DATA PROVIDED |
Start of Block
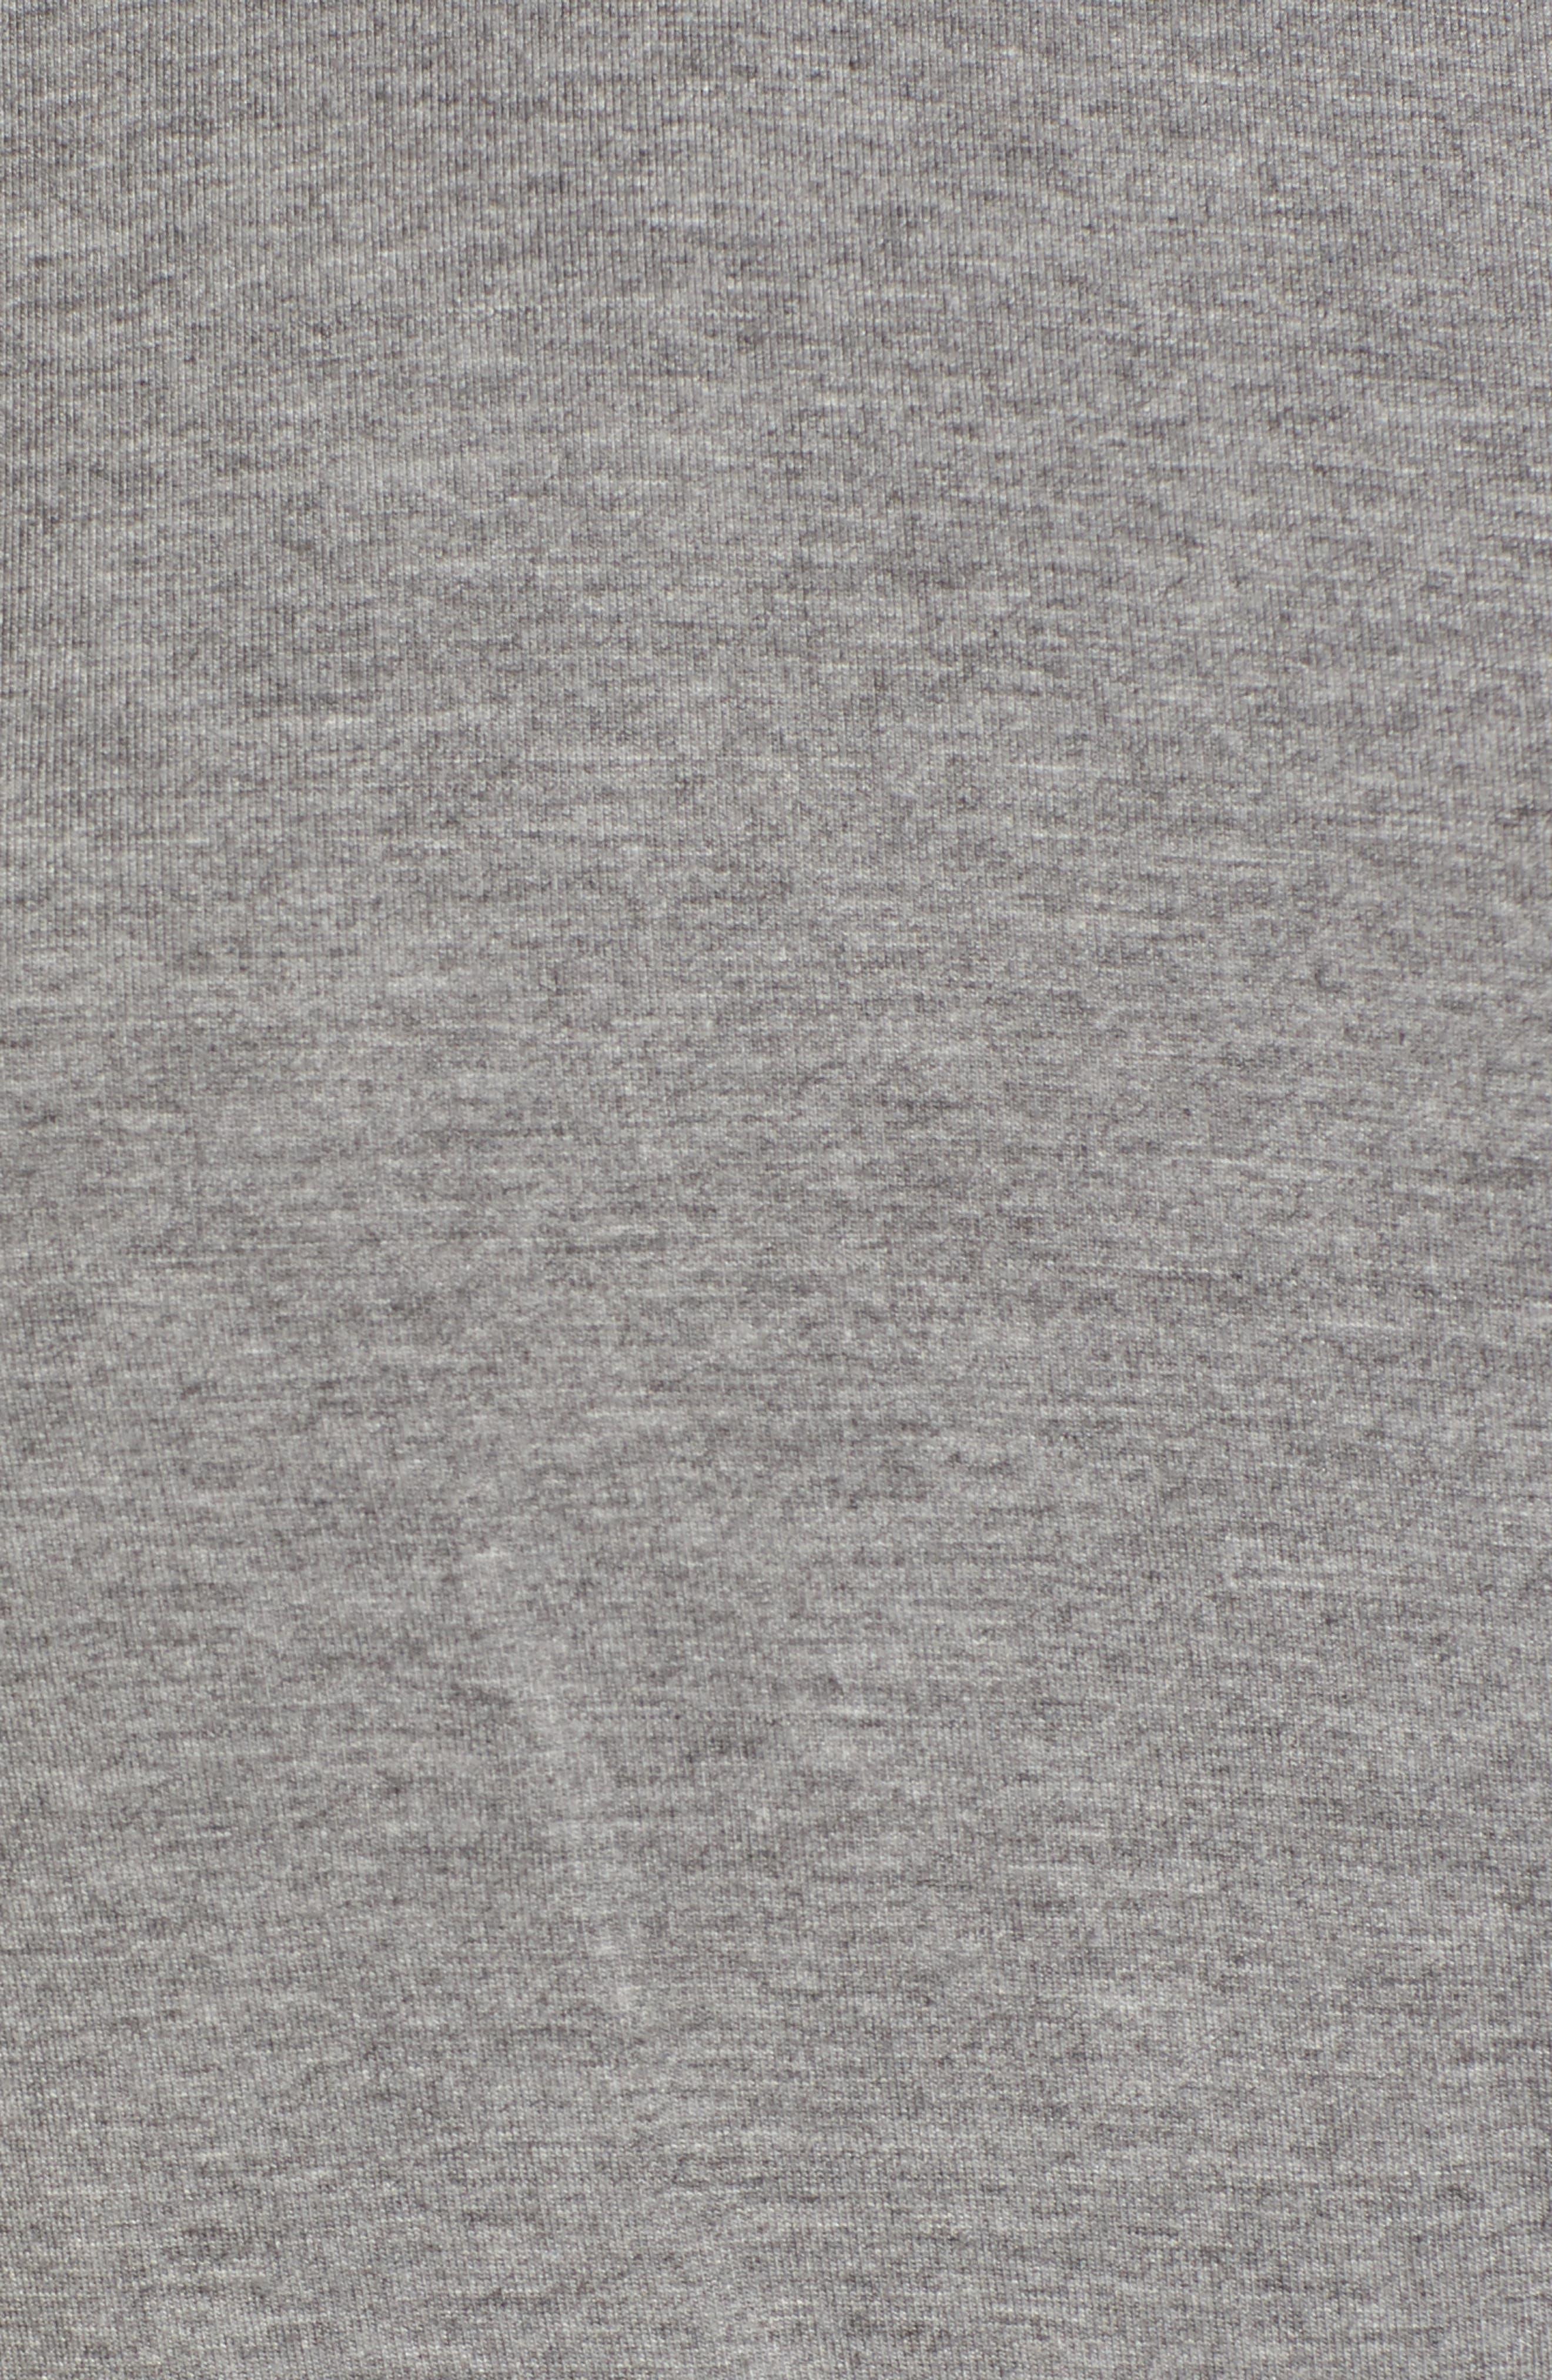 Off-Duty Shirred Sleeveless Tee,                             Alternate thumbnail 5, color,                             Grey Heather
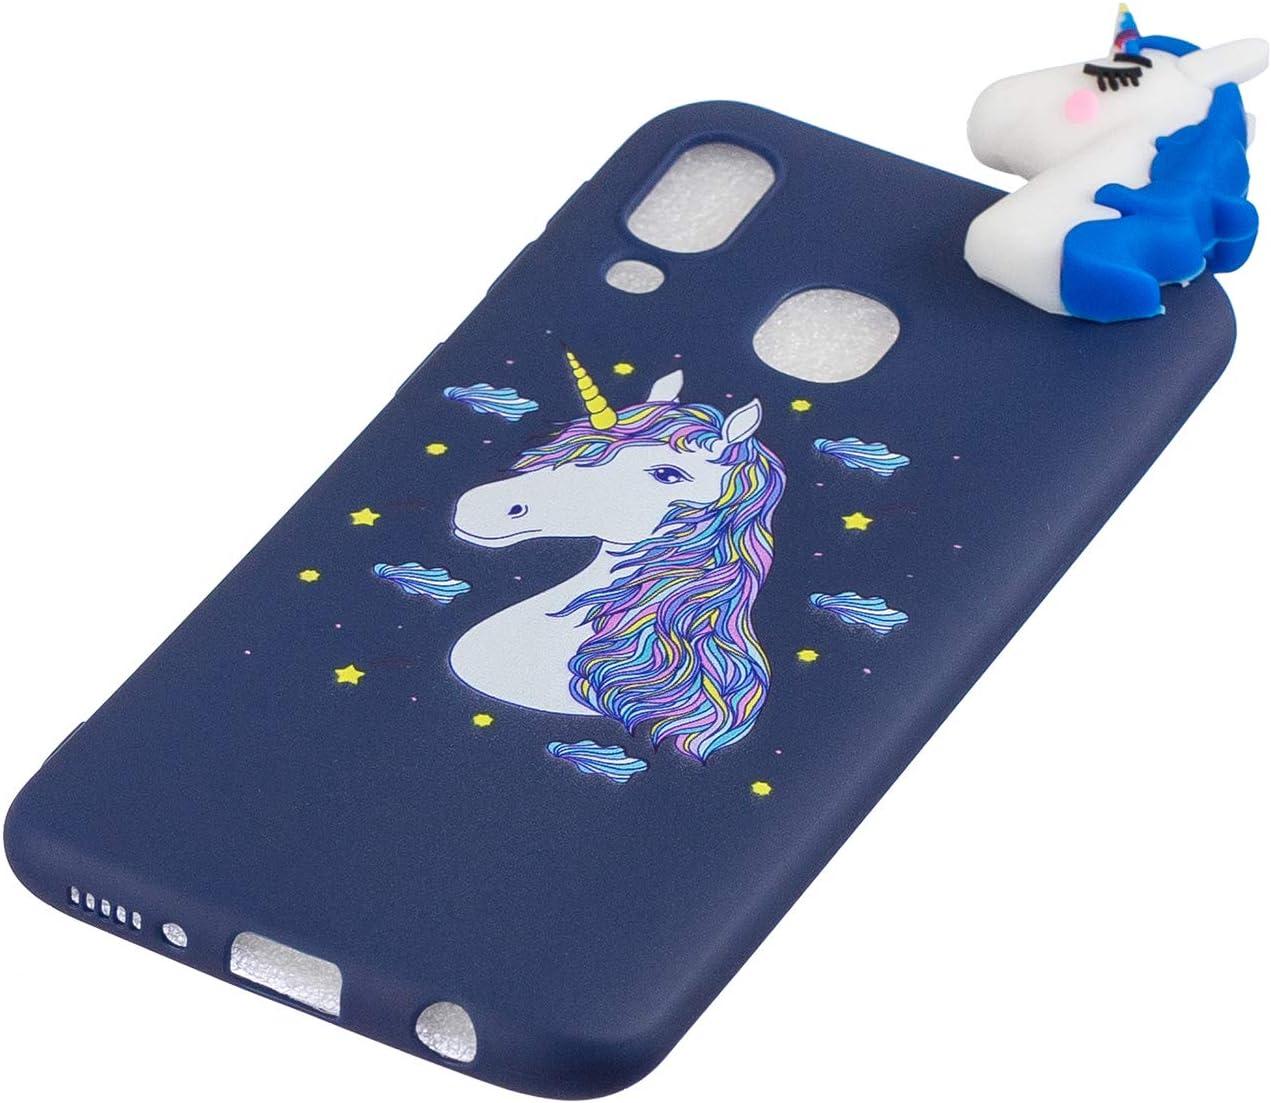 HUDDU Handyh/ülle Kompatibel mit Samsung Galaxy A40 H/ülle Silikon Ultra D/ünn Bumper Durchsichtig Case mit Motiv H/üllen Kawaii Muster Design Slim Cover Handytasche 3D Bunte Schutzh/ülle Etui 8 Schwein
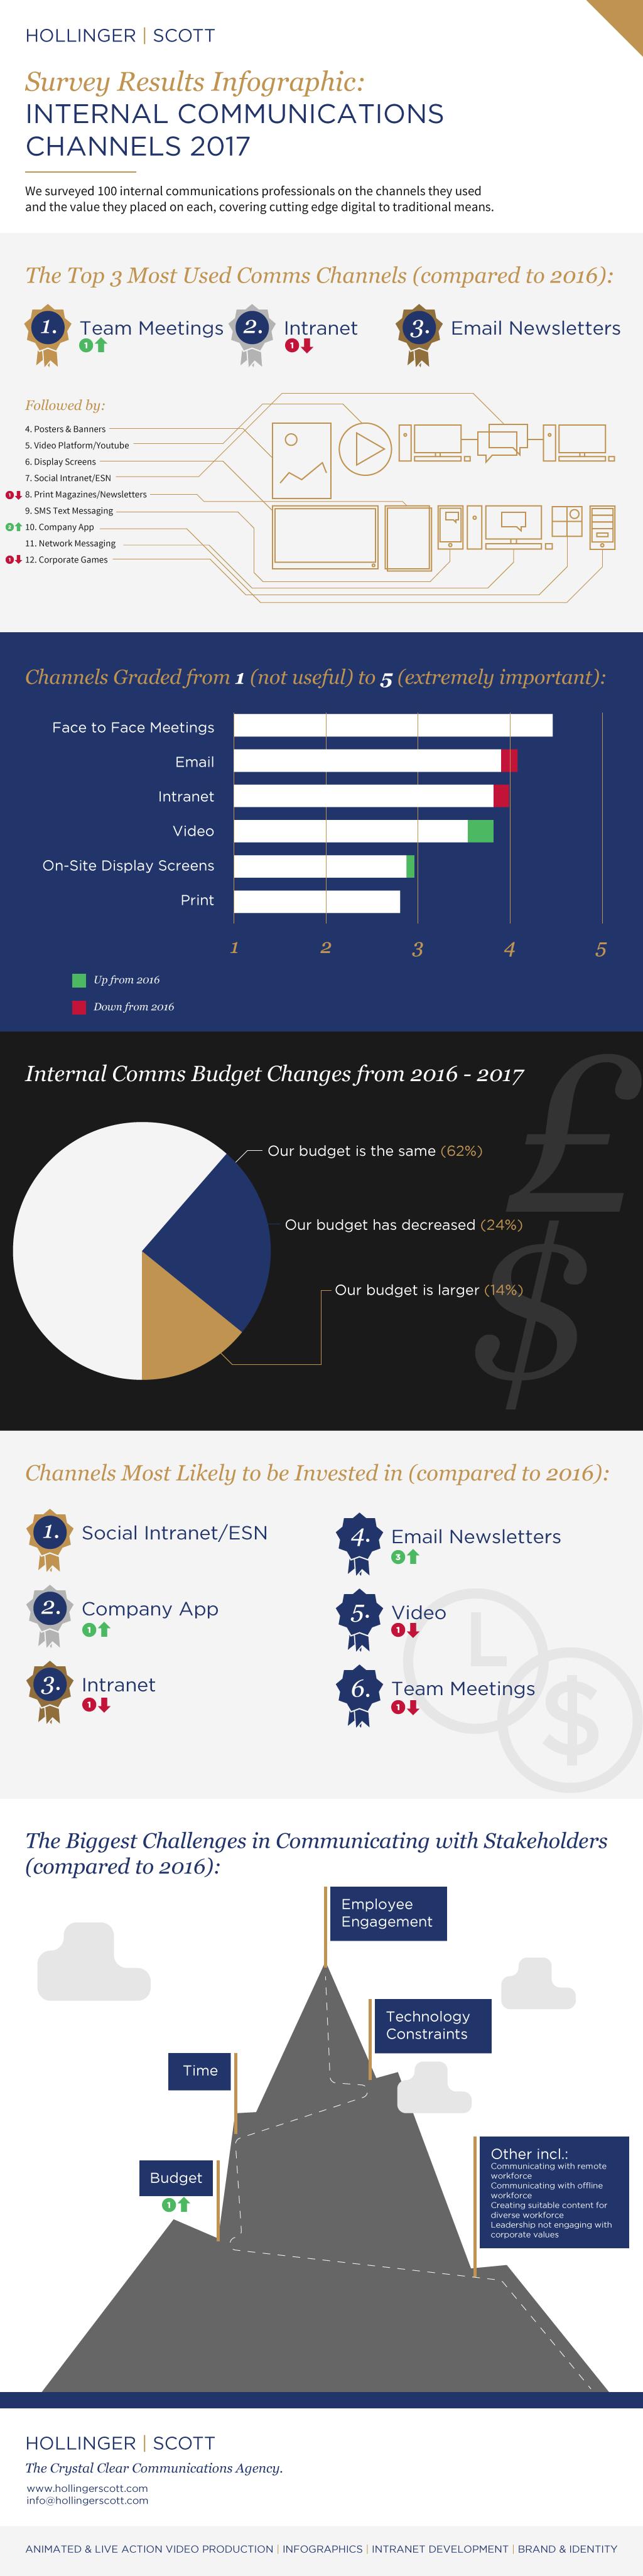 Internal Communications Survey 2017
End of Block
TASK REQUIREMENTS |
Make an exact copy of the listing. Leave its pictures out.

RESULT OF THE TASK |
 Off-Duty Shirred Sleeveless Tee,                             Alternate thumbnail 5, color,                             Grey Heather
 HUDDU Handyh/ülle Kompatibel mit Samsung Galaxy A40 H/ülle Silikon Ultra D/ünn Bumper Durchsichtig Case mit Motiv H/üllen Kawaii Muster Design Slim Cover Handytasche 3D Bunte Schutzh/ülle Etui 8 Schwein
 Internal Communications Survey 2017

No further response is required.